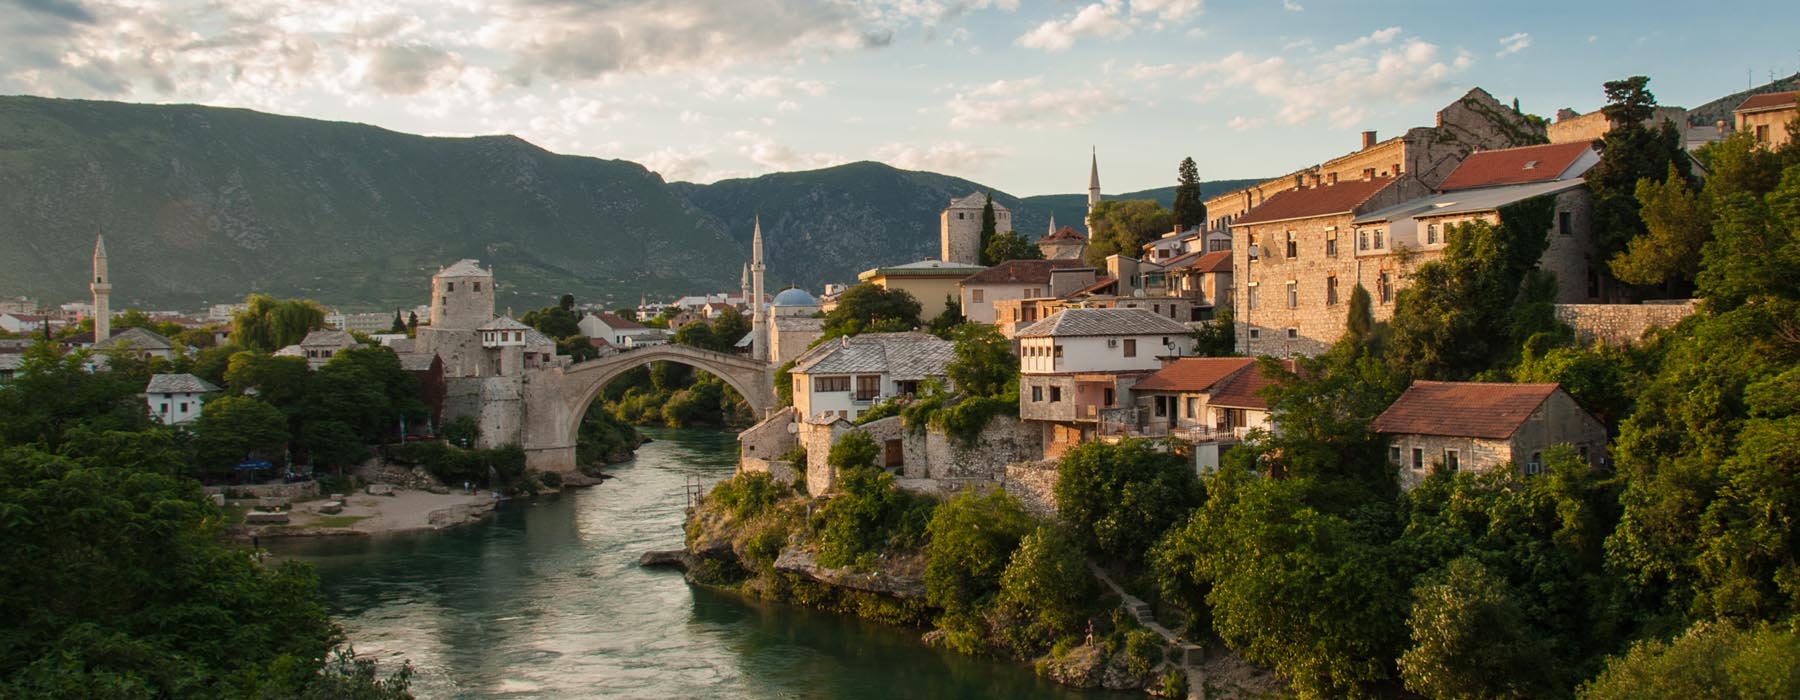 Voyages au lent cours Bosnie-Herzégovine
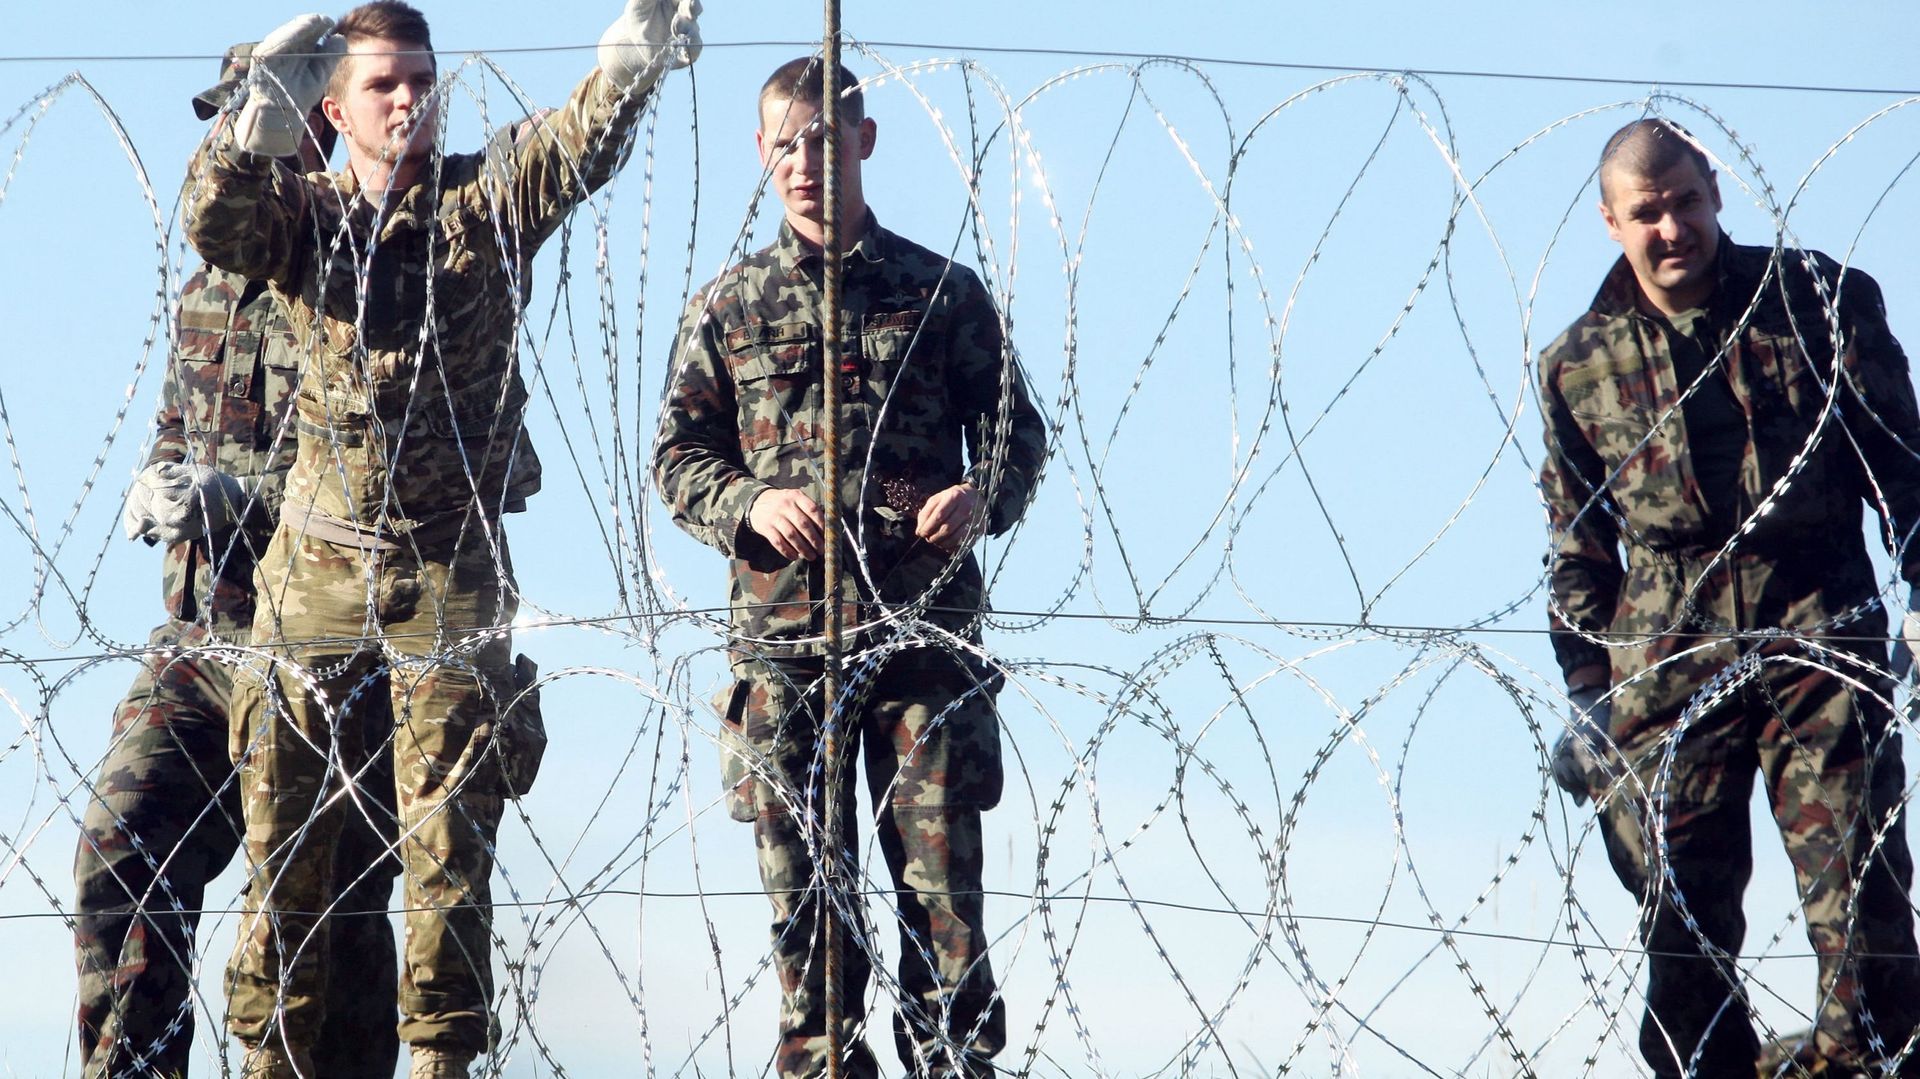 Des soldats slovènes installent des clôtures de barbelés à la frontière slovéno-croate à Sela pri Dobovi près de Brezice, le 11 novembre 2015.
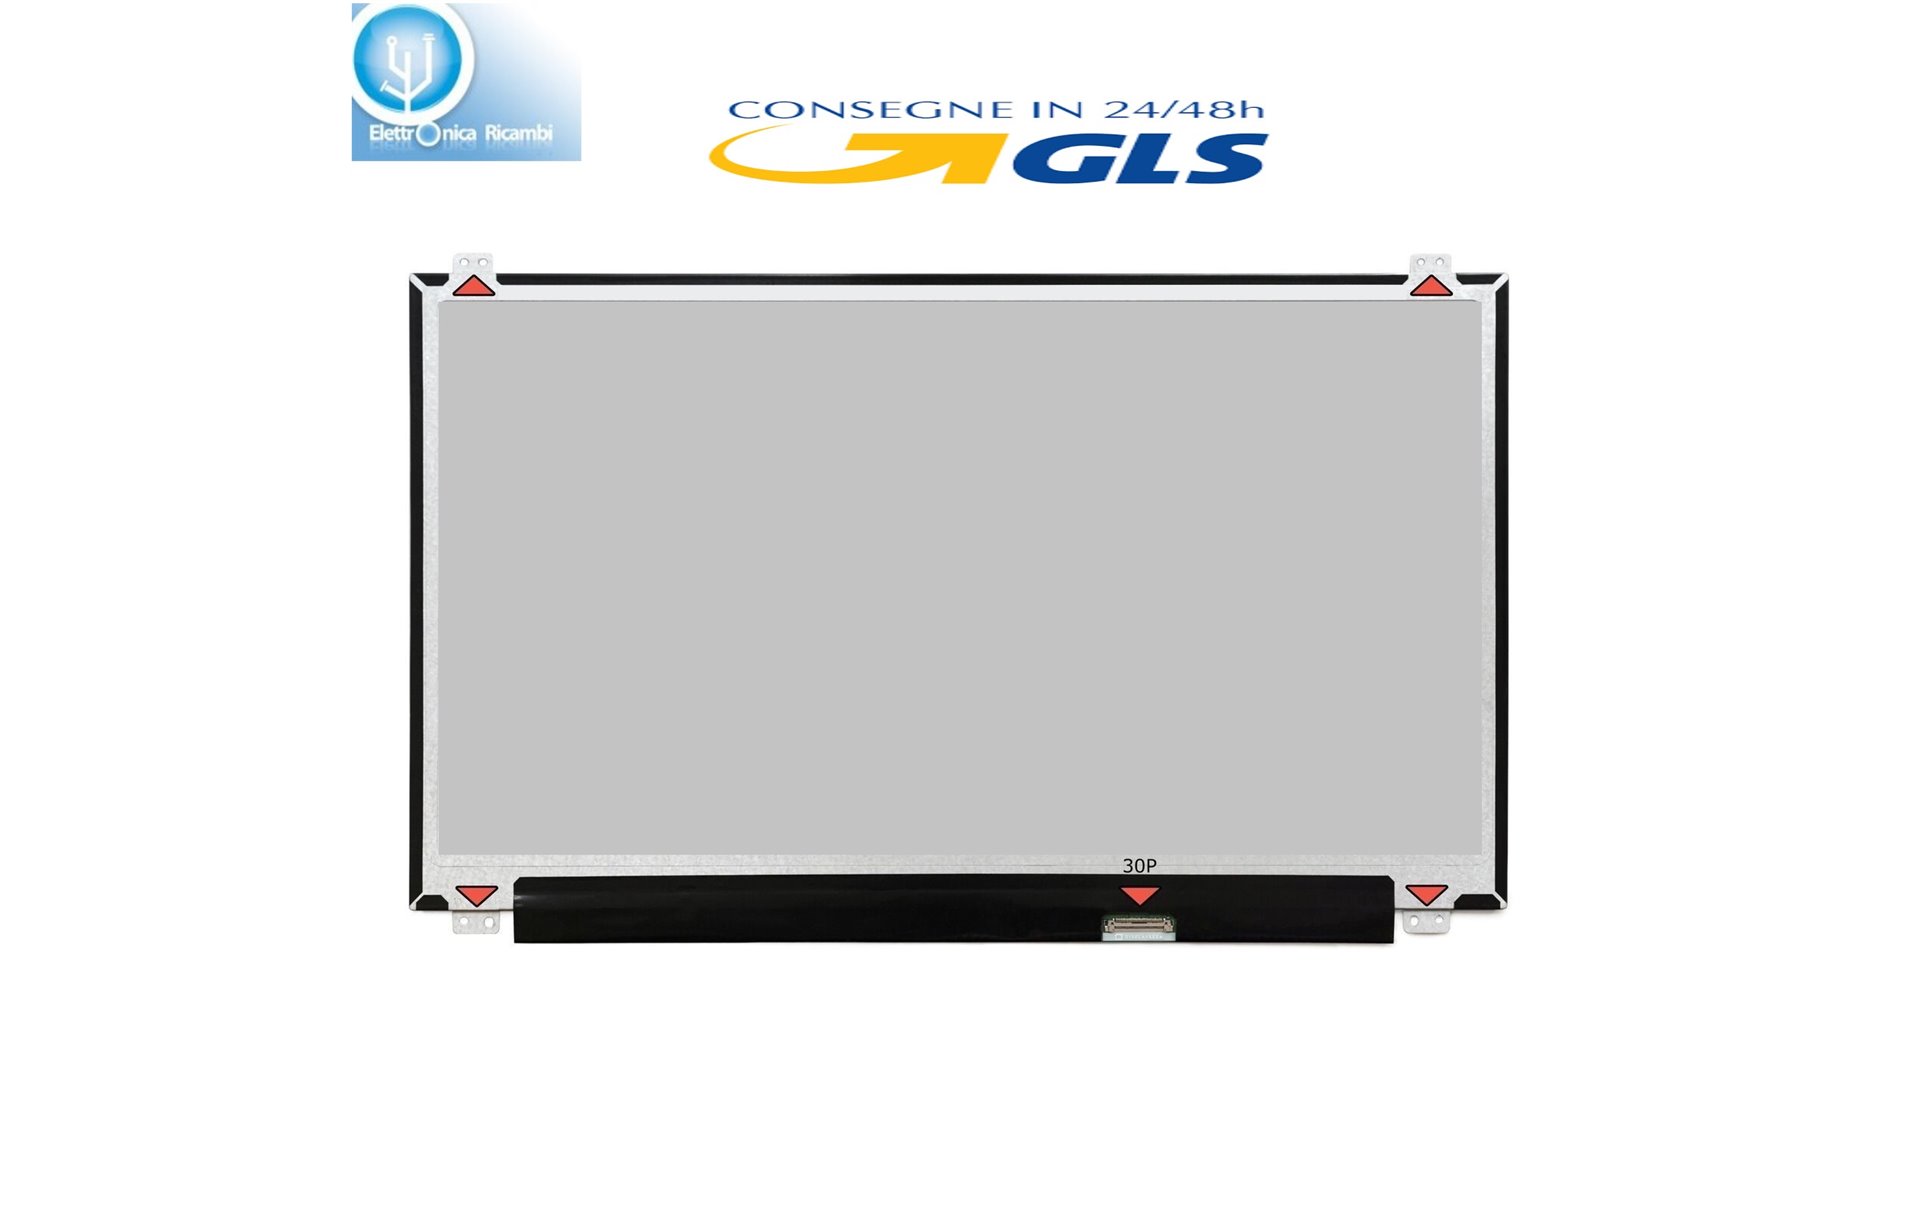 DISPLAY LCD ASUS ROG GL550JK-CN SERIES 15.6 1920x1080 LED 30 pin
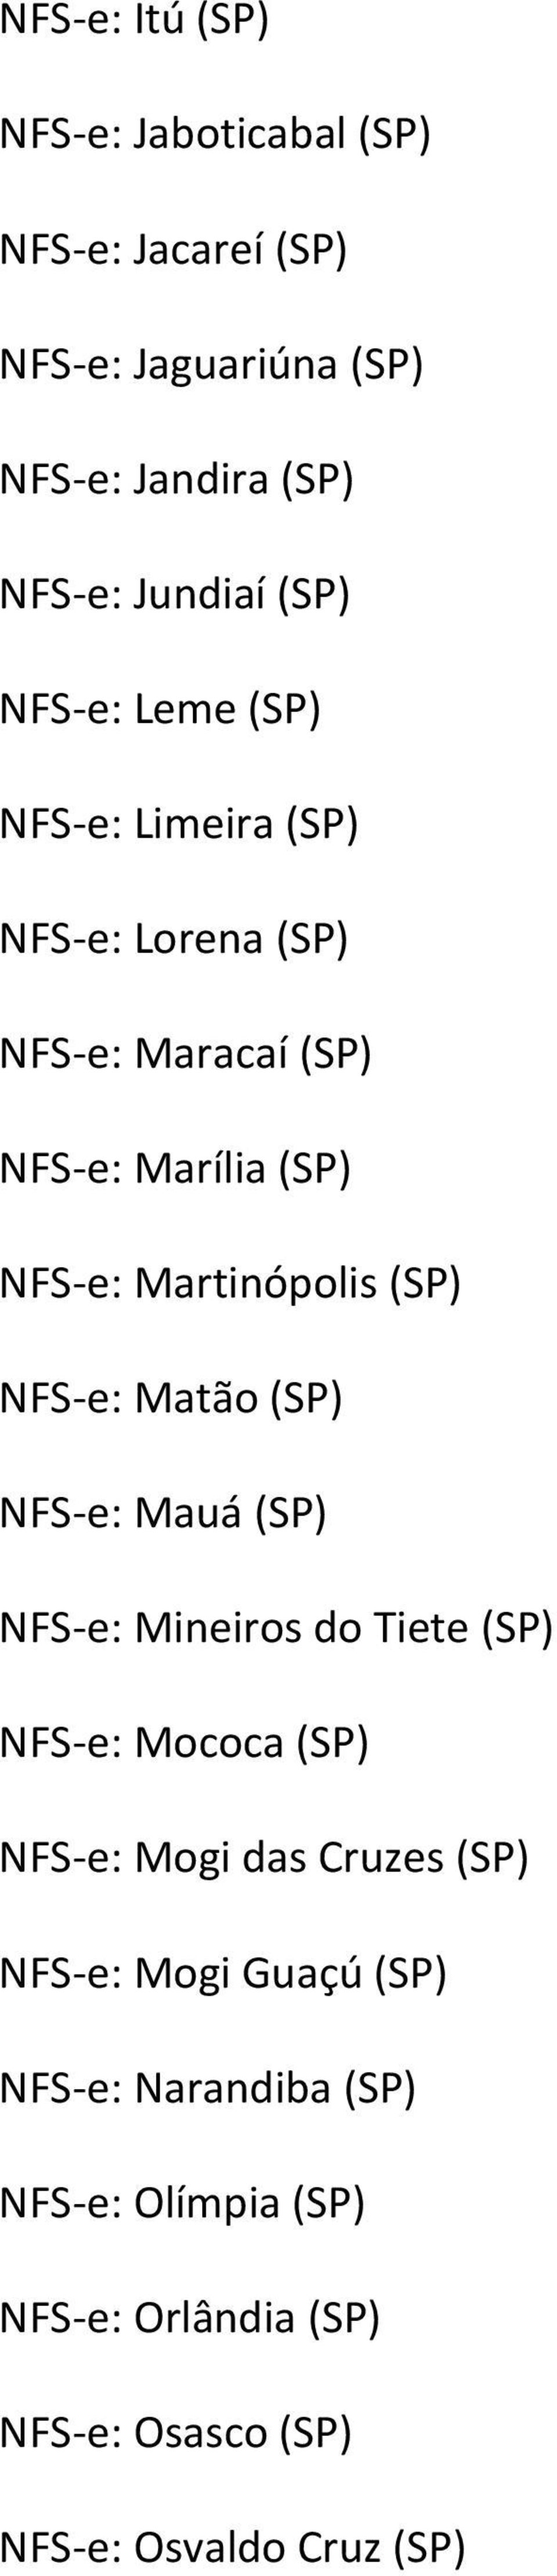 (SP) NFS e: Matão (SP) NFS e: Mauá (SP) NFS e: Mineiros do Tiete (SP) NFS e: Mococa (SP) NFS e: Mogi das Cruzes (SP) NFS

## What you need to do
The required output consists only of the lines from the one containing "Des soldats slovènes" to the last line of the material, reproduced exactly, pictures excluded.

## Solved problem
 Des soldats slovènes installent des clôtures de barbelés à la frontière slovéno-croate à Sela pri Dobovi près de Brezice, le 11 novembre 2015.
 DISPLAY LCD ASUS ROG GL550JK-CN SERIES 15.6 1920x1080 LED 30 pin
 (SP) NFS e: Matão (SP) NFS e: Mauá (SP) NFS e: Mineiros do Tiete (SP) NFS e: Mococa (SP) NFS e: Mogi das Cruzes (SP) NFS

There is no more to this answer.